Classification of Hypoxaemia[edit | edit source]

There are many causes of hypoxaemia, often due to respiratory disorders:[3]

Definition Cause
Hypoxic hypoxemia
  • Occurs where blood flows through parts of the lung which are un-ventilated
  • Inability to transfer oxygen across the pulmonary membrane (gas diffusion limitation)
  • Acute bronchoconstriction: insufficient gas flow in and out of the lung
  • Insufficient inspired oxygen therapy (including faulty oxygen delivery equipment)
  • Primary respiratory disease: COPD, pulmonary fibrosis, asthma, CF, pneumonia, sputum retention, decreased gas transfer across thickened (fibrotic/ oedematous) membrane
  • Primary cardiac disease: heart failure, congestive cardiac failure, pulmonary oedema (causing a diffusion limitation across the respiratory membrane)
Ischaemic hypoxemia
  • Usually due to inadequate blood flow through the lung
Anaemic hypoxemia
  • Reduction in the oxygen carrying capacity of the blood
  • Shock (significant blood loss with a reduced Hb)
  • Primary haematological diseases, e.g. sickle cell crisis, anaemia
Toxic hypoxemia
  • Difficulty in the utilisation of oxygen
  • It is common in patients admitted with inhalation burns/ smoke inhalation injuries
  • E.g. carbon monoxide poisoning, cyanide poisoning

[1][5][2]

Causes of Hypoxemia[edit | edit source]

Bronchopneumonia

Bronchopneumonia is a form of pneumonia, sometimes referred to as lobar pneumonia, that also causes inflammation in the bronchi. [6] A patient presenting with bronchopneumonia will present with troubled breathing due to airway constriction. Due to inflammation, their lungs are not adequately ventilated. Symptoms can range from mild to severe. Physiotherapy treatment can include;

  • Ensure medication is optimised (oxygen, analgesia, bronchodilators, antibiotics, etc.)
  • Positioning to decrease work of breathing
  • Airway clearance techniques
  • Humidification[5]

Acute lobar pneumonia[edit | edit source]

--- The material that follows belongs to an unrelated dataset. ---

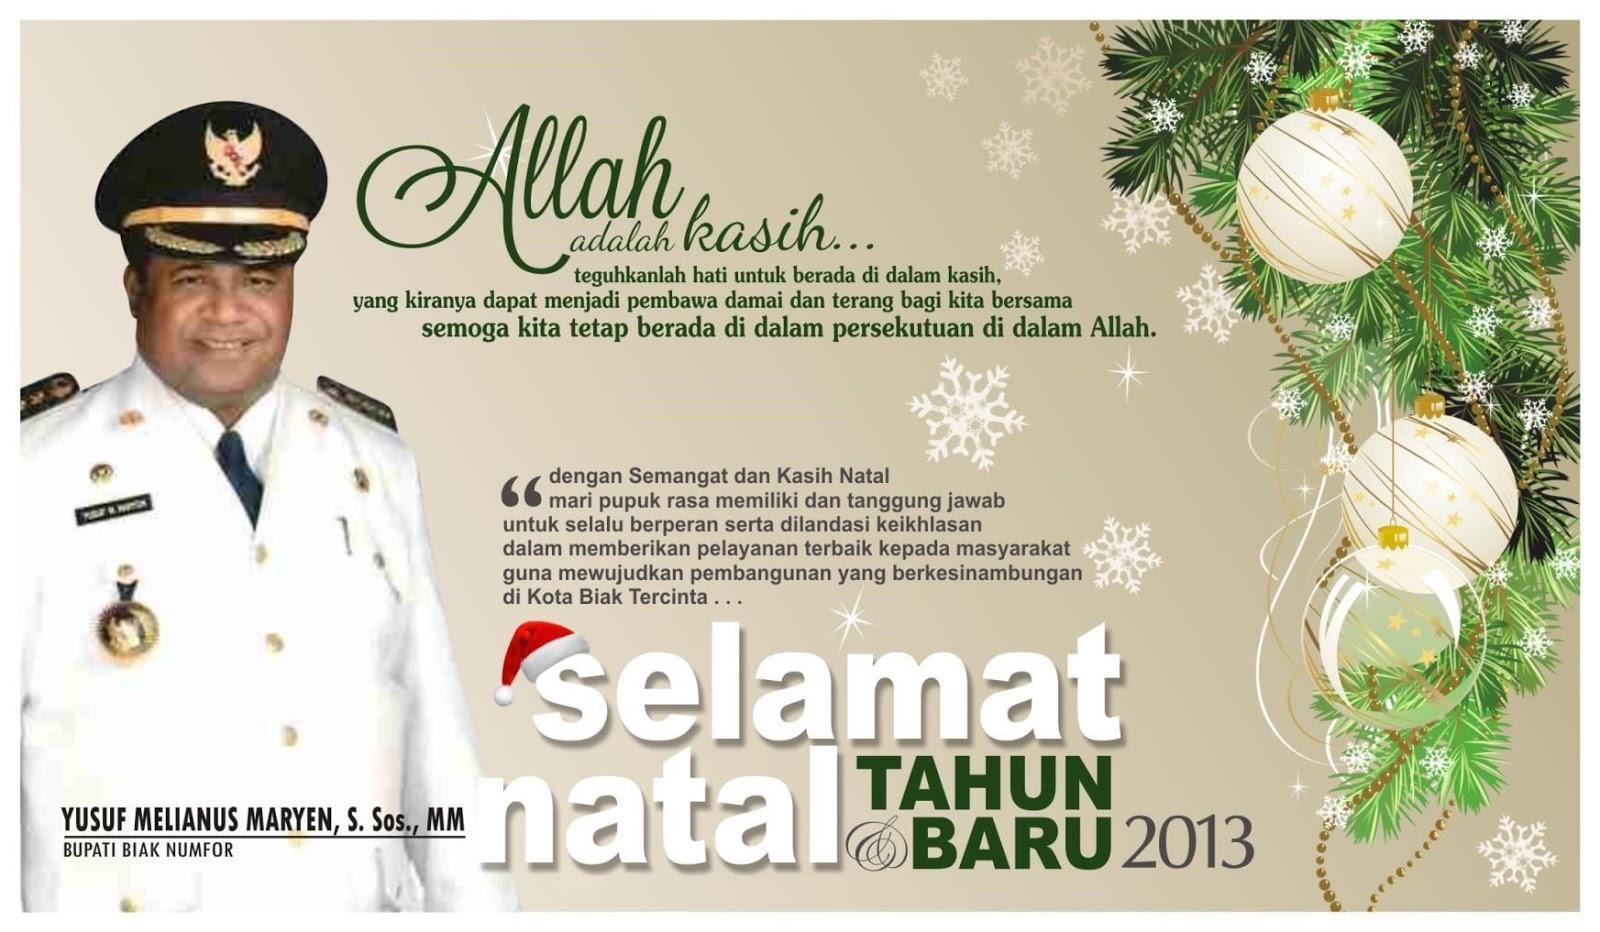 Contoh Kartu Ucapan Selamat Natal Dan Tahun Baru ...

Lobar pneumonia is an acute exudative inflammation of an entire pulmonary lobe, produced in 95% of cases by Streptococcus pneumoniae (pneumococci). If not treated lobar pneumonia progresses in 4 stages; namely consolidation, red hepatization, grey hepatization and resolution.[7] Treatment is dependent on the severity of symptoms and may include some of the following techniques;

  • During the unproductive phase advice on positioning may reduce WOB
  • CPAP is useful for hypoxaemia
  • Sputum clearance s only indicated if the patient becomes productive

Pulmonary embolus[edit | edit source]

Pulmonary embolism (PE) is a blockage of an artery in the lungs by a substance that has moved from elsewhere in the body through the bloodstream (embolism).[8] Symptoms of a PE may include shortness of breath, chest pain particularly upon breathing in, and coughing up blood. Physiotherapy is not indicated. CPAP may help with severe hypoxaemia.

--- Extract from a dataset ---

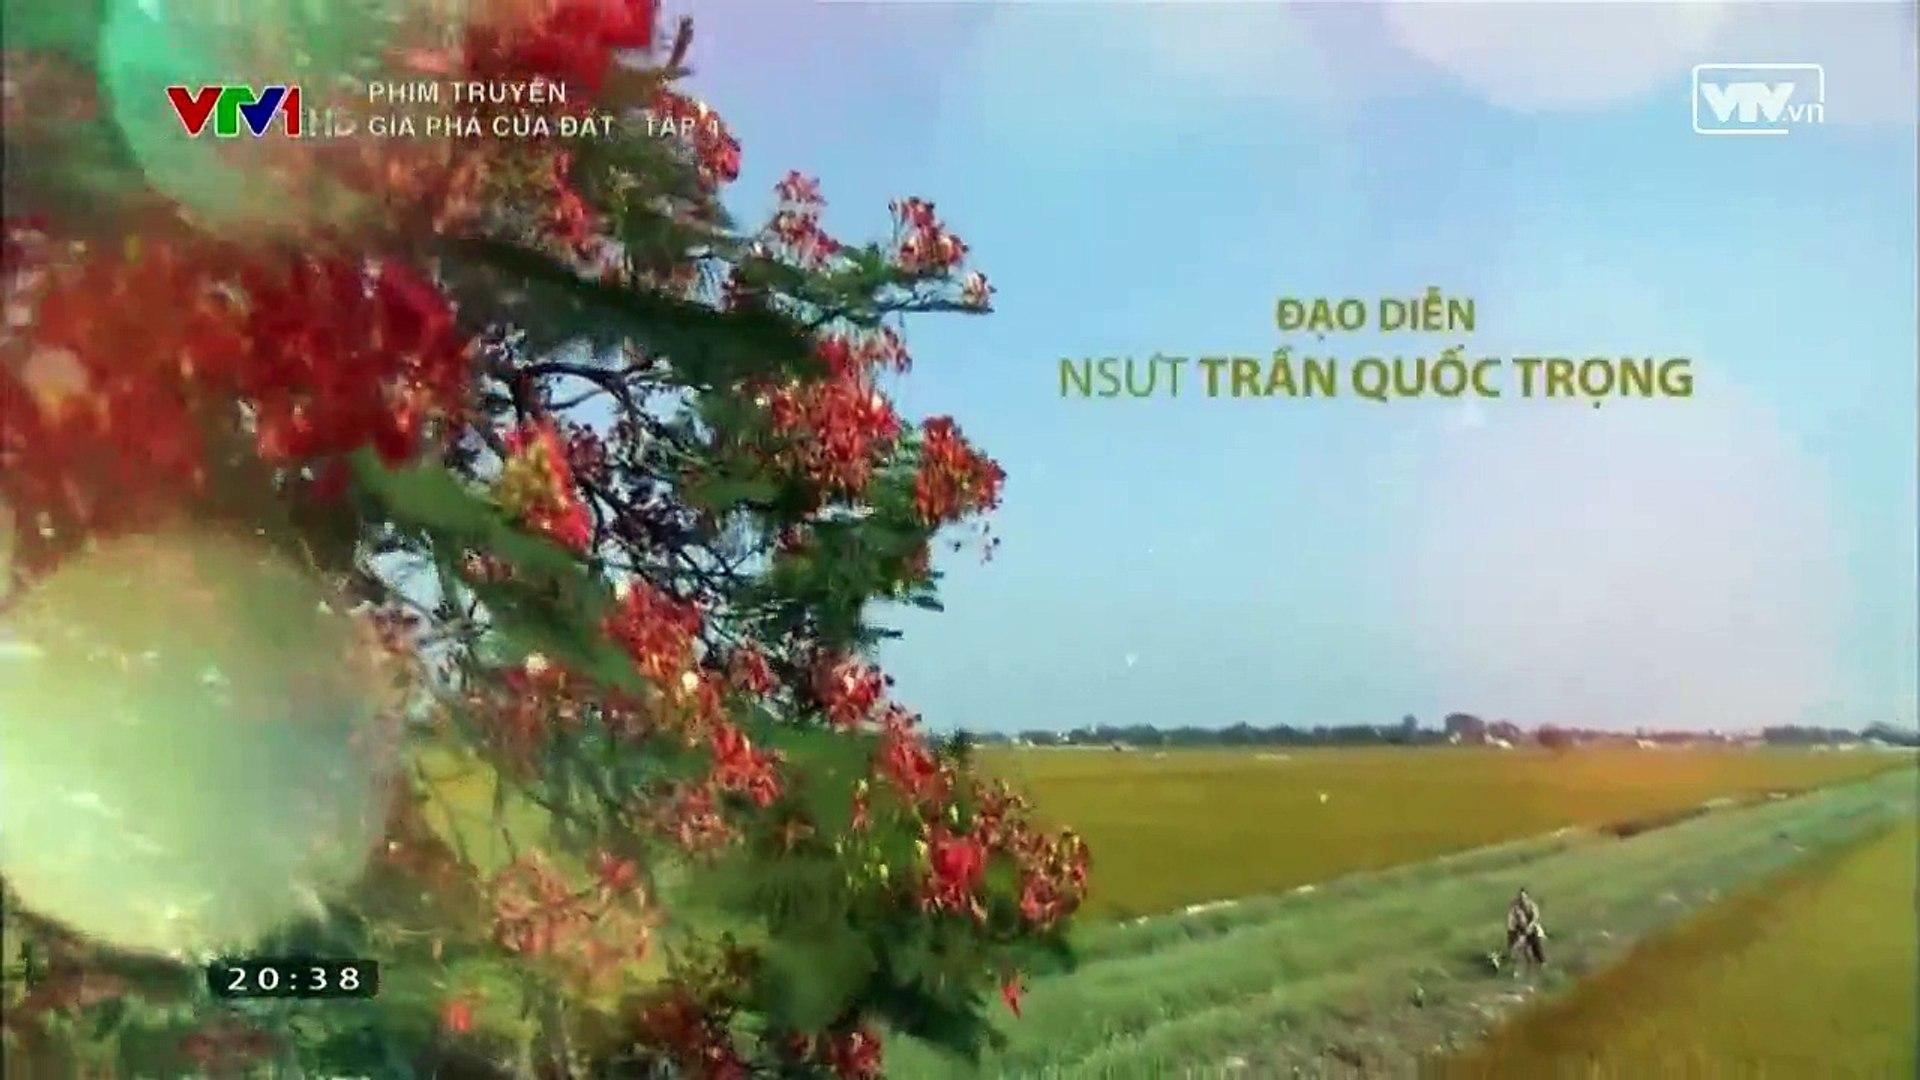 Gia phả của đất - Tập 4 - Phim VTV1

Pulmonary fibrosis[edit | edit source]

Pulmonary fibrosis describes a collection of diseases which lead to interstitial lung damage and ultimately fibrosis and loss of the elasticity of the lungs. It is a chronic condition characterised by shortness of breath.[9] The lung tissue becomes thickened, stiff and scarred over a period of time. The development of scar tissue is called fibrosis. As the lung tissue becomes scarred and thicker, the lungs start to lose their ability to transfer oxygen into the bloodstream. Treatment of pulmonary fibrosis may involve;

  • Present with profound hypoxaemia. Humidified CPAP is effective
  • Ensure sufficient oxygen is available when CPAP removed

Pulmonary oedema[edit | edit source]

Pulmonary oedema occurs when fluid accumulates in the alveoli of the lungs causing an increased work of breathing. This fluid accumulation interferes with gas exchange and can cause respiratory failure.[10] Treating a patient with pulmonary oedema may include;

  • CPAP is effective in the treatment of pulmonary oedema
  • If hypotensive, check that BP does not drop with increased intrathoracic pressure.
  • NIV (pressure support with EPAP) may be useful in the patient tiring on CPAP[5]

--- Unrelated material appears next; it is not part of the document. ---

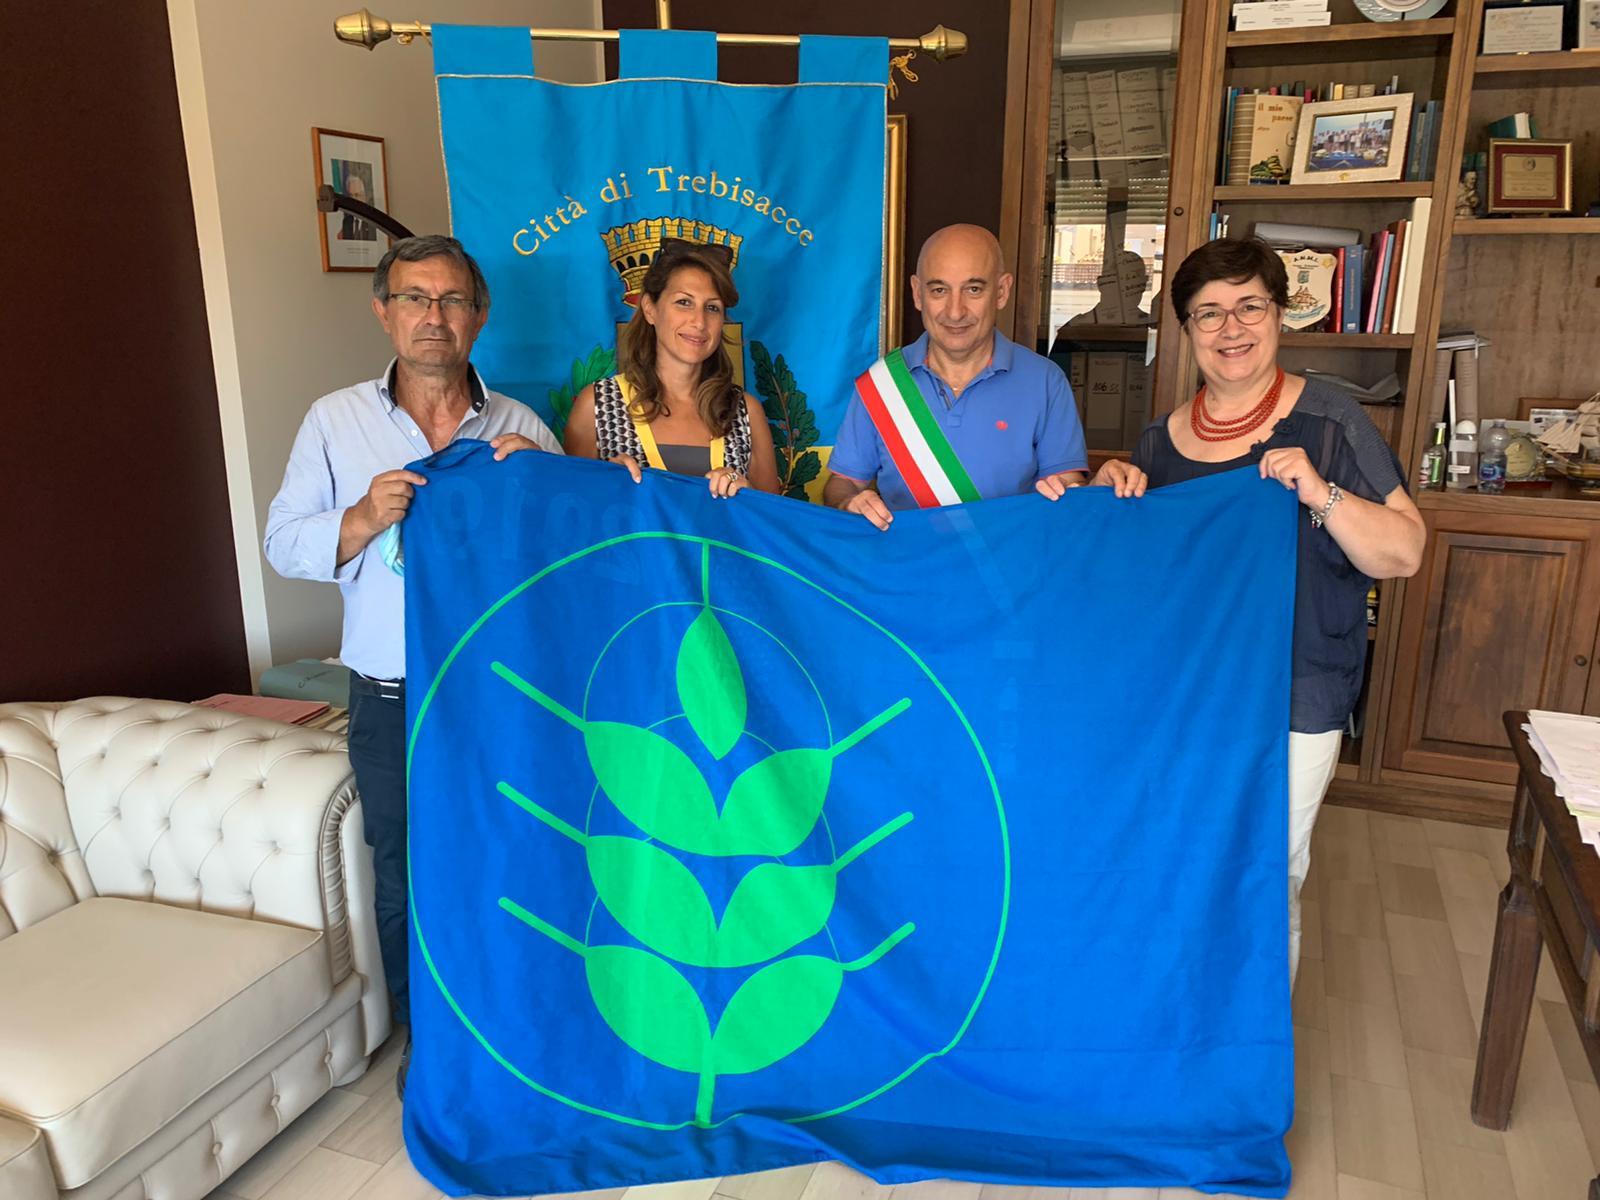 cs-trebisacce-e-di-nuovo-bandiera-spighe-verdi

CO2 retention[edit | edit source]

Uncontrolled oxygen therapy, or receiving too much oxygen, can make people who usually have higher CO2 levels retain more until it reaches dangerous levels.

  • Acute CO2 retention is not a reason to reduce FiO2 unless patients have evidence of acute-on-chronic CO2 retention secondary to chronic respiratory disease
  • This can be diagnosed by interpretation of recent blood gas results, assessing pH, in relation to PaCO2, standard bicarbonate and base excess. Only this group of patients require judicious oxygen administration )24-28%), which should be prescribed accordingly

Fatigue[edit | edit source]

  • Hypoxaemic patients may start to fatigue. This is seen by a rising PaCO2 - type II respiratory failure failure. An important clinical sign requiring immediate attention

Chronic chest patients[edit | edit source]

  • Patients who have longstanding chest diseases may have a regular chest clearing routine they adhere to e.g. Bronchiectatic, CF patient
  • It is important to discuss this and mould your treatment plan so that it fits within their existing regimen and their current physiotherapy problems[5]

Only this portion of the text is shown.